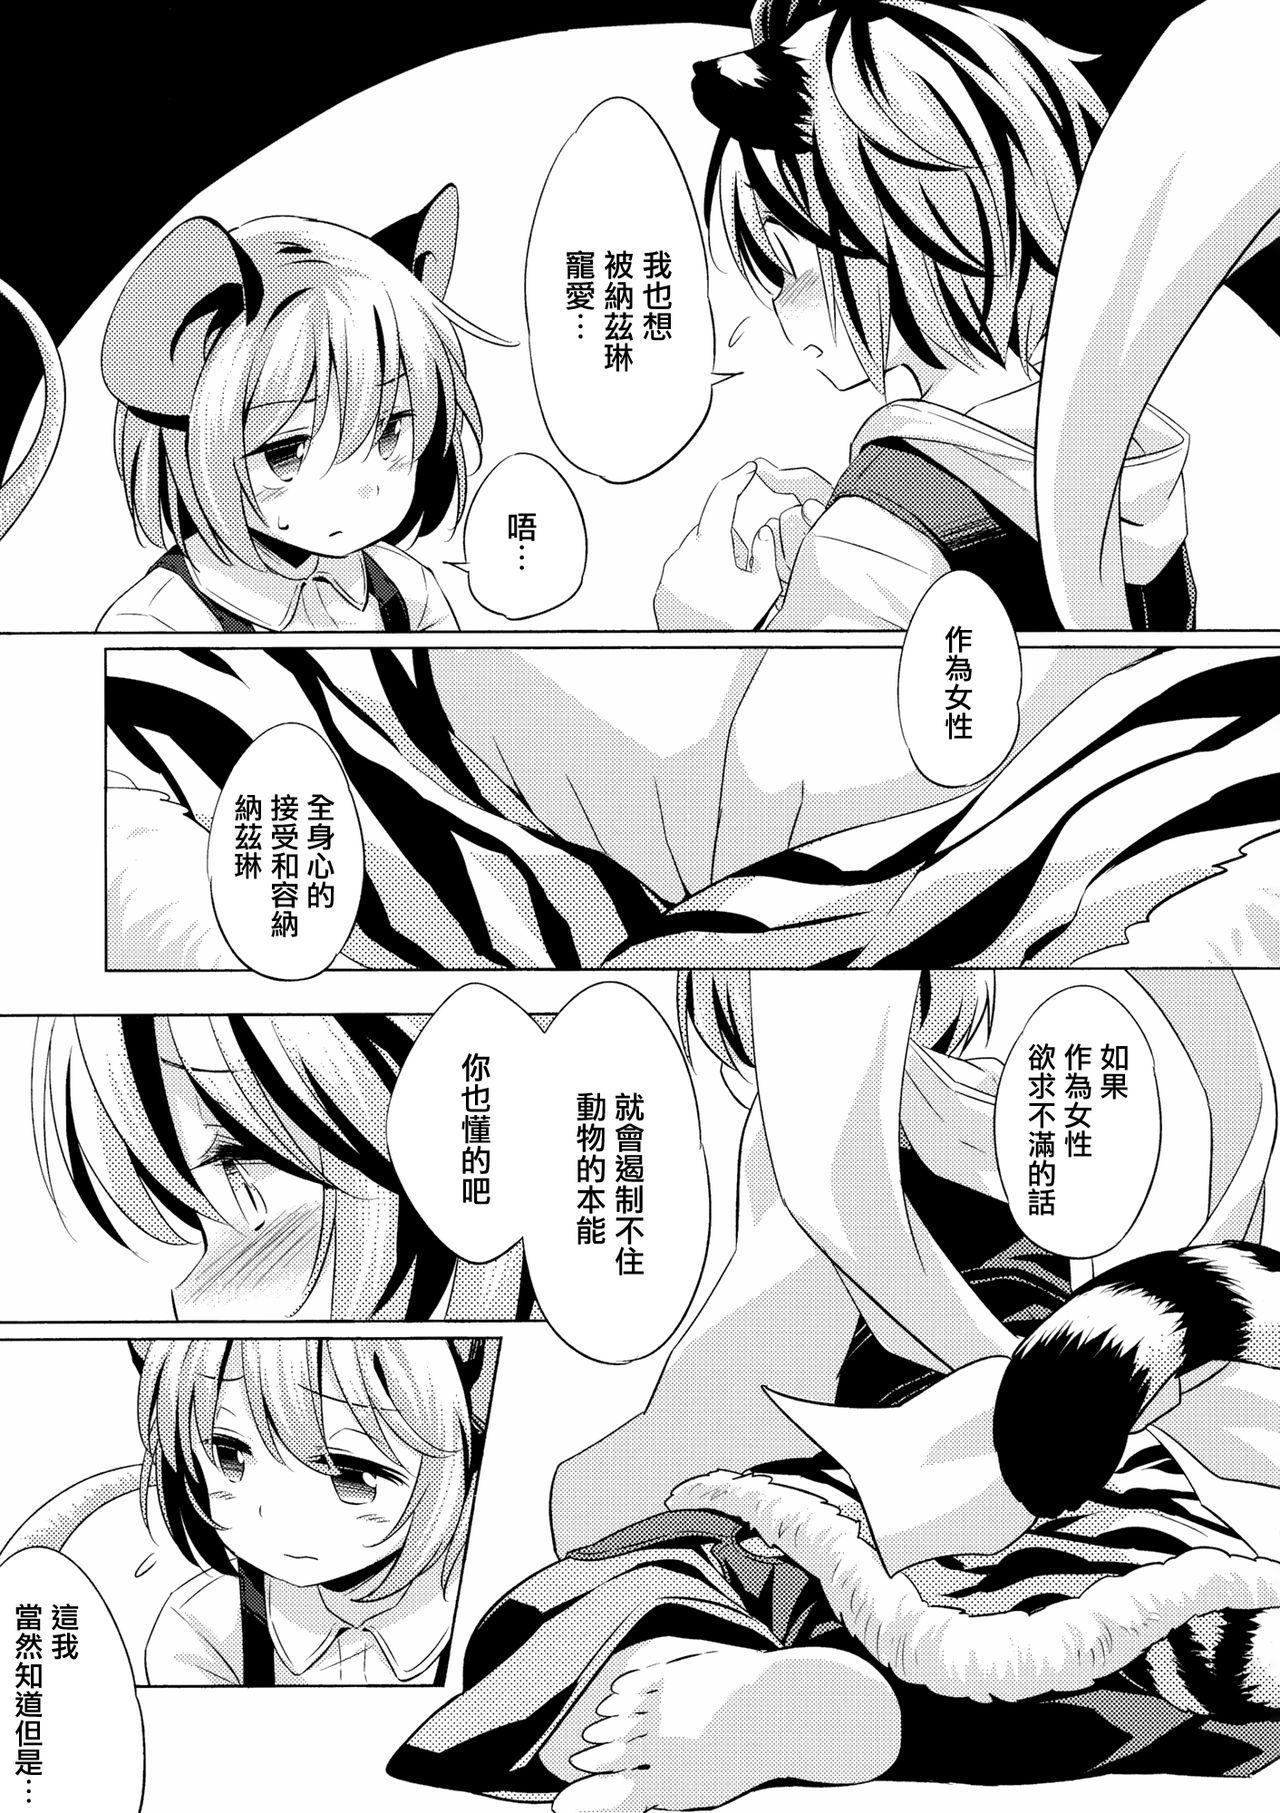 Shecock Toramaru Passion - Touhou project Missionary Position Porn - Page 6
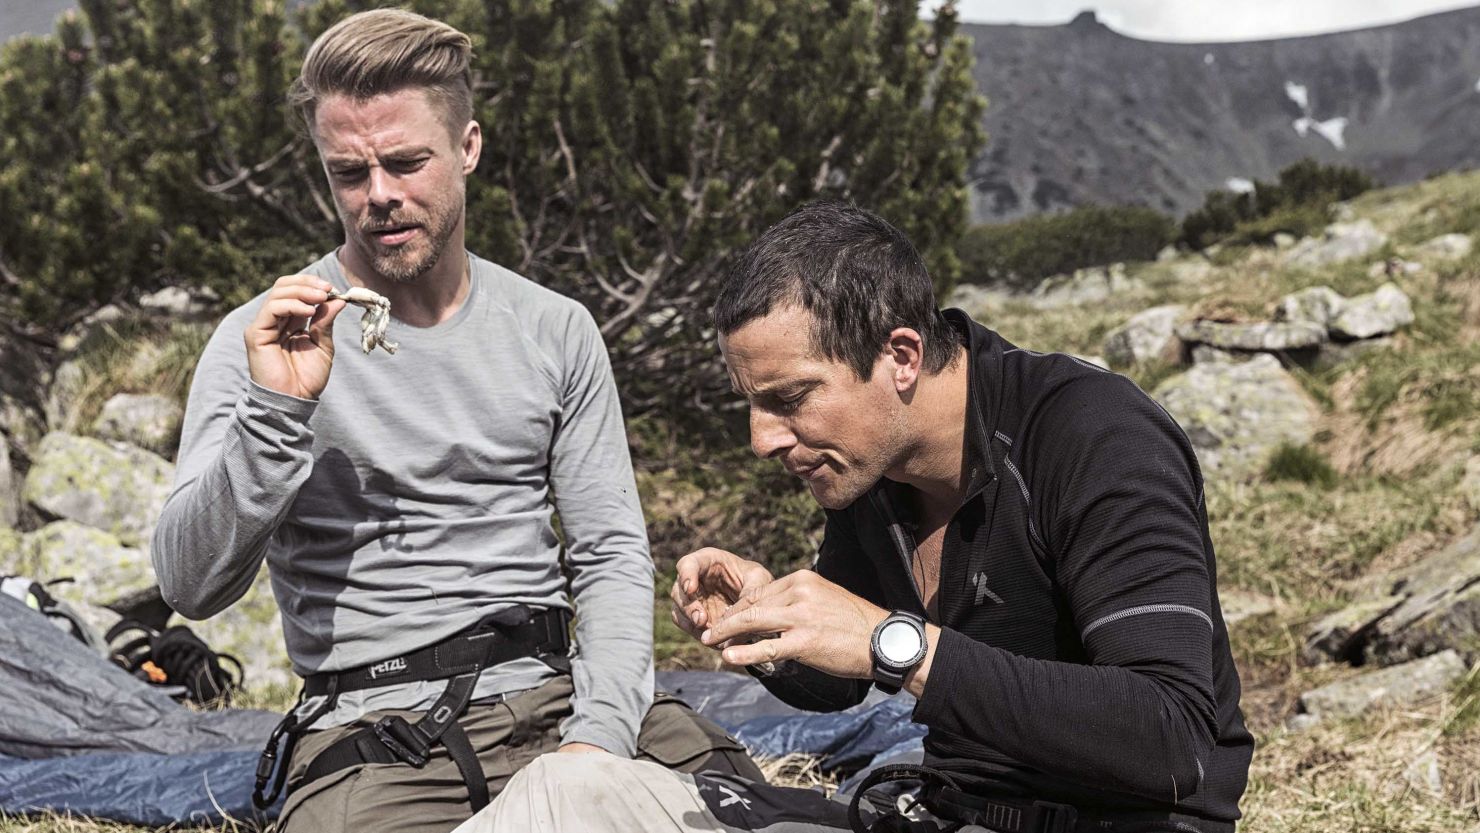 Bear Grylls, right, could face a fine from the Bulgarian government after killing a frog while filming in the Rila mountains with Derek Hough in 2017.
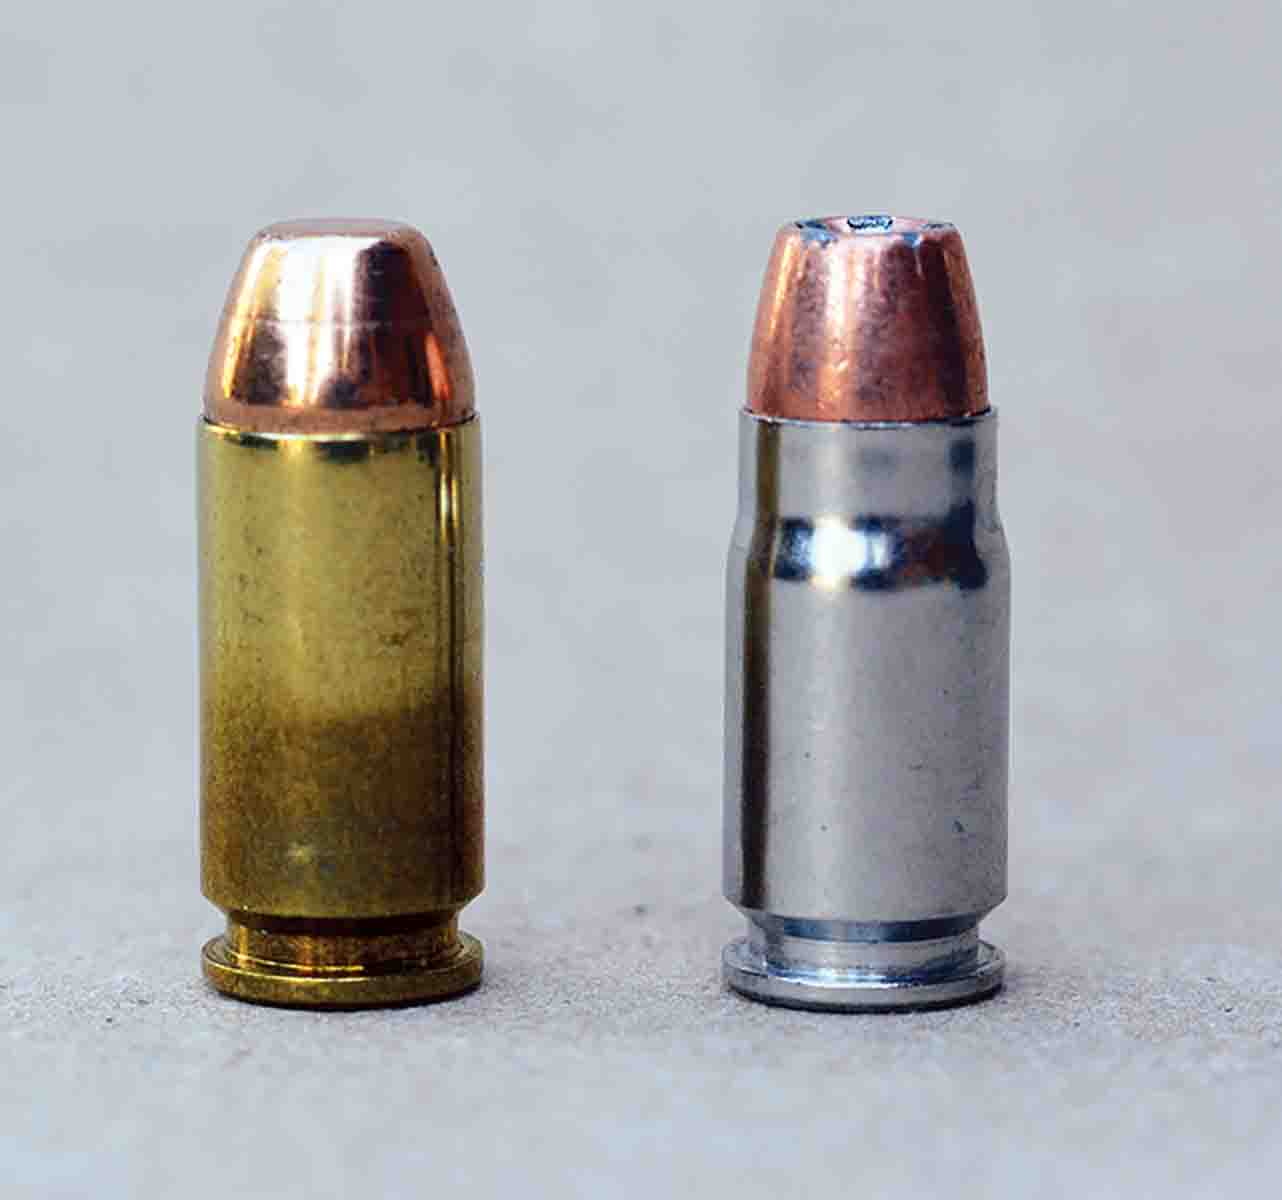 The .40 S&W (left) is the parent case for the .357 Sig (right). However, Sig cases cannot be formed from .40 cases.
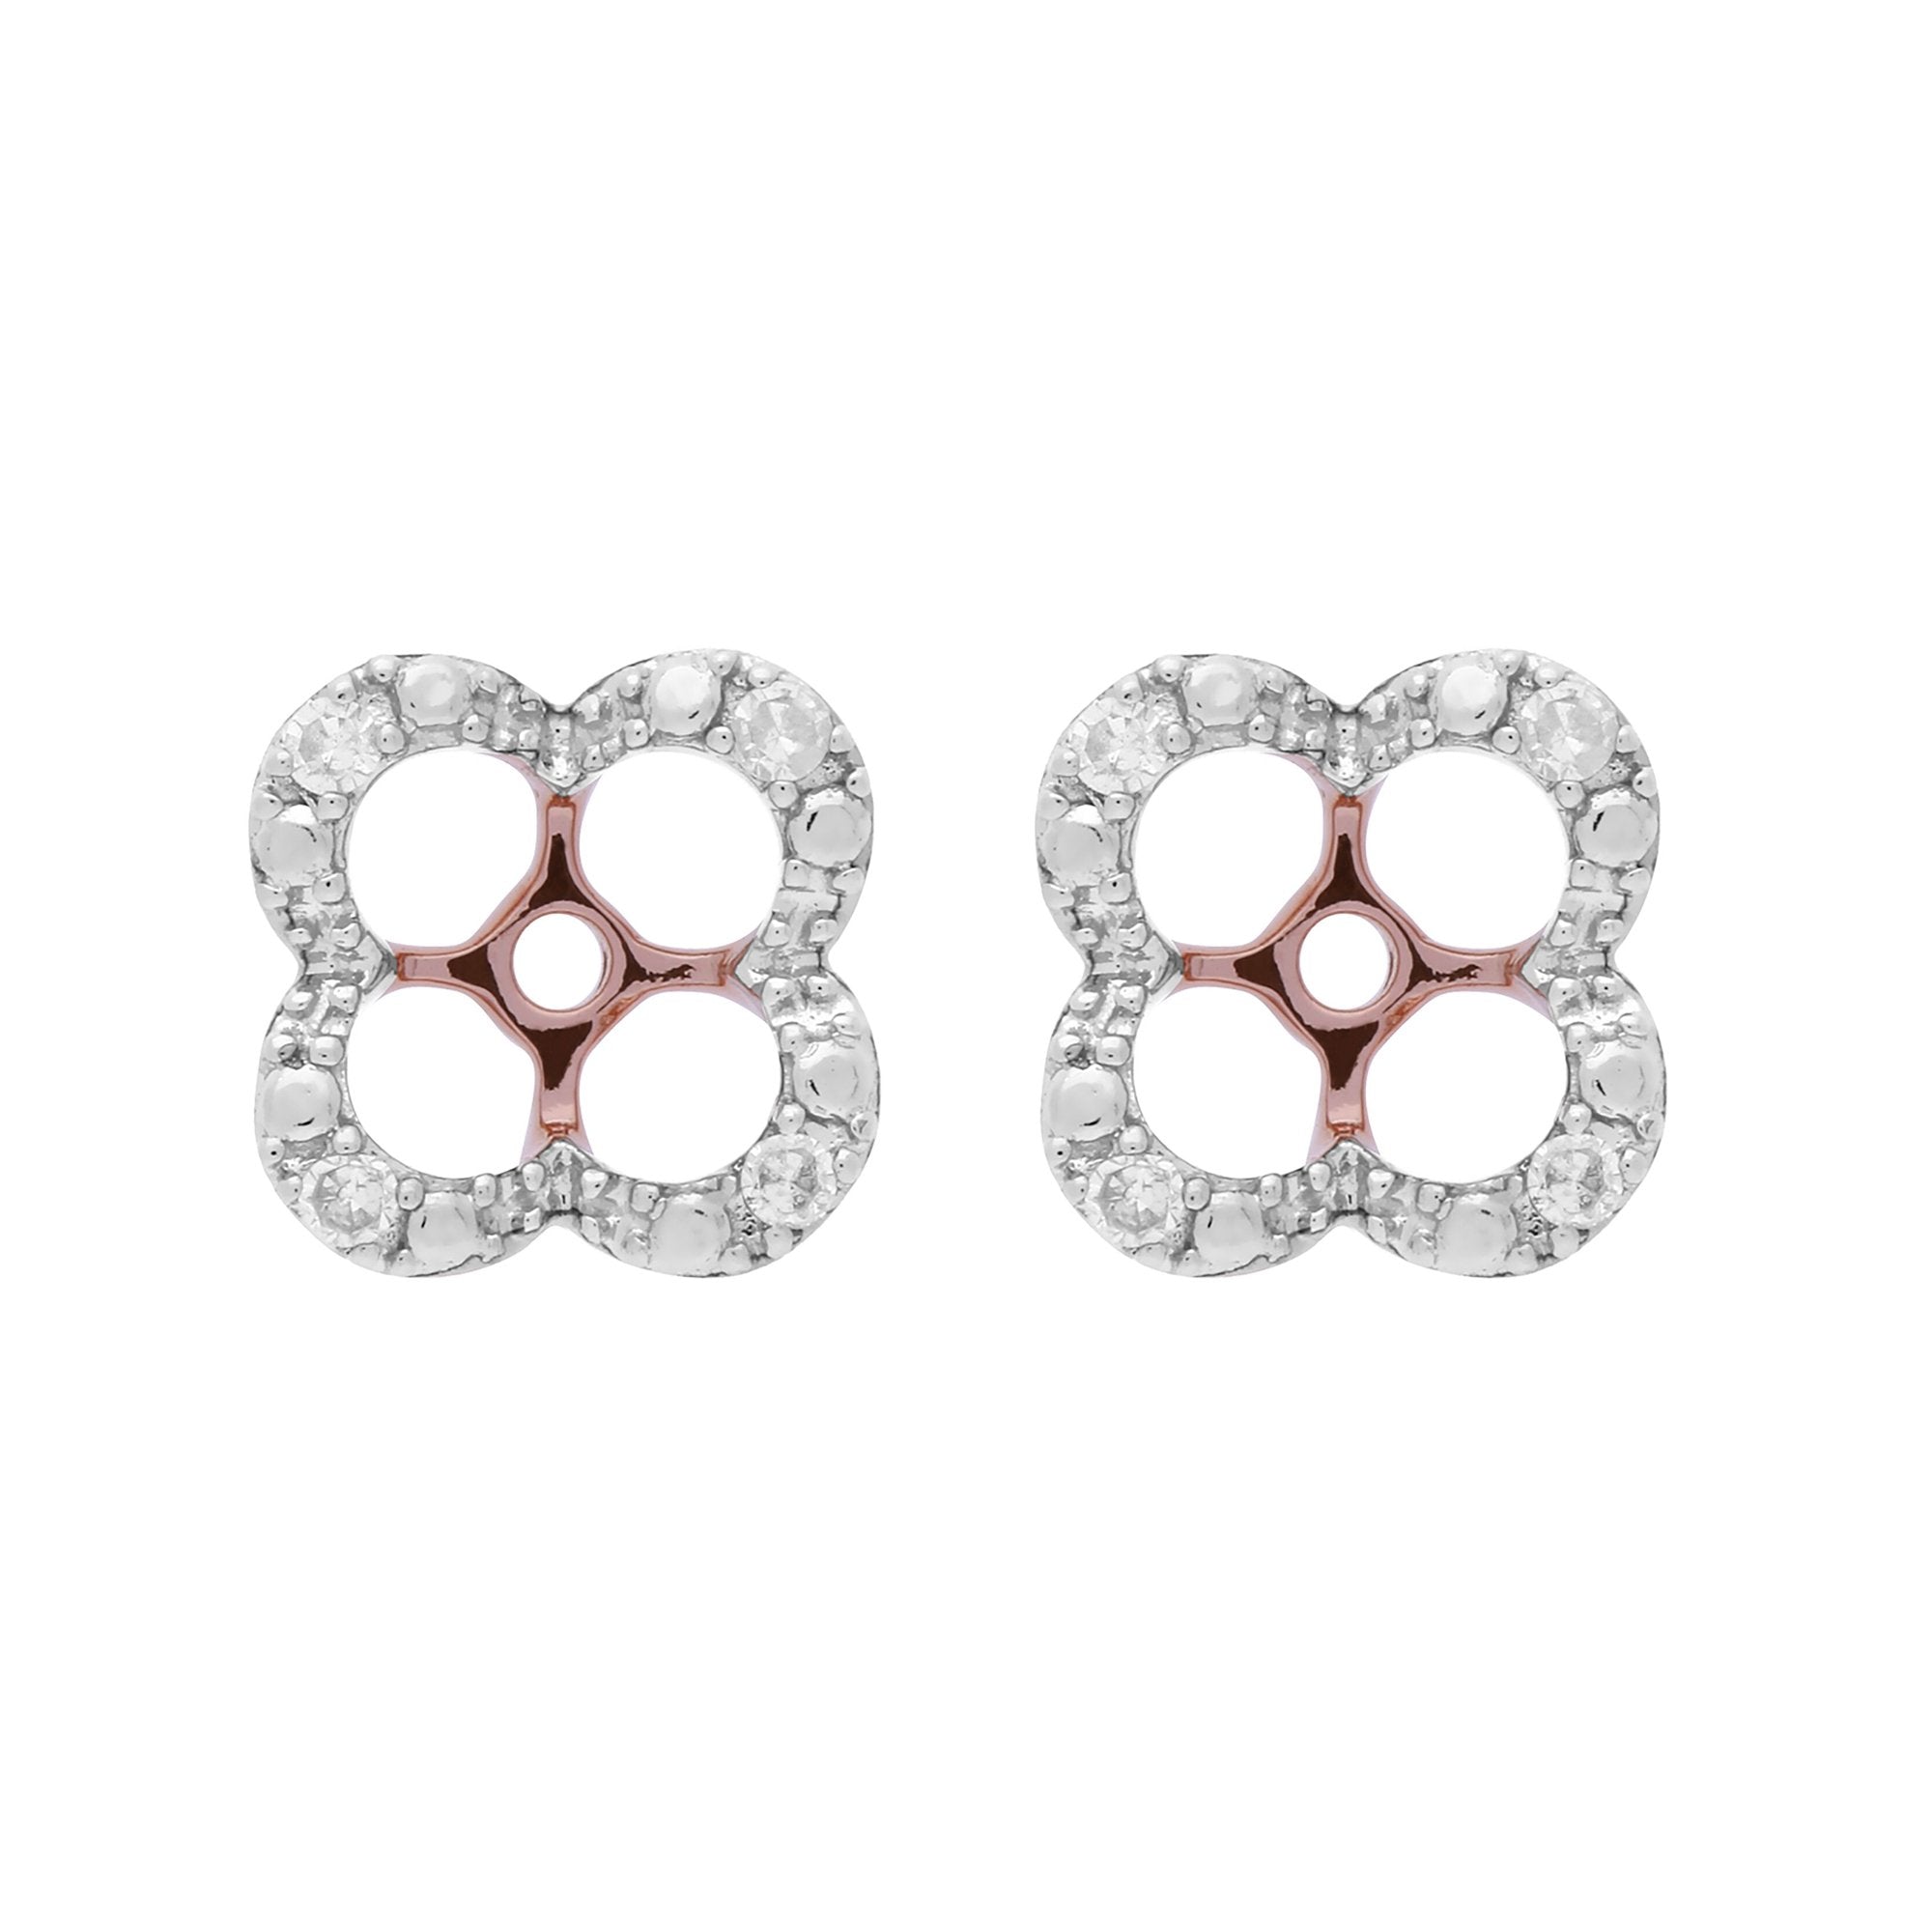 Floral Round Diamond Clover Shape Earrings Jacked in 9ct Rose Gold

....................

● **ASSIGNMENT**: Transcribe the listing exactly; skip the pictures.

● **WRITTEN ANSWER**:
 Shecock Toramaru Passion - Touhou project Missionary Position Porn - Page 6
 Bear Grylls, right, could face a fine from the Bulgarian government after killing a frog while filming in the Rila mountains with Derek Hough in 2017.
 The .40 S&W (left) is the parent case for the .357 Sig (right). However, Sig cases cannot be formed from .40 cases.
 Floral Round Diamond Clover Shape Earrings Jacked in 9ct Rose Gold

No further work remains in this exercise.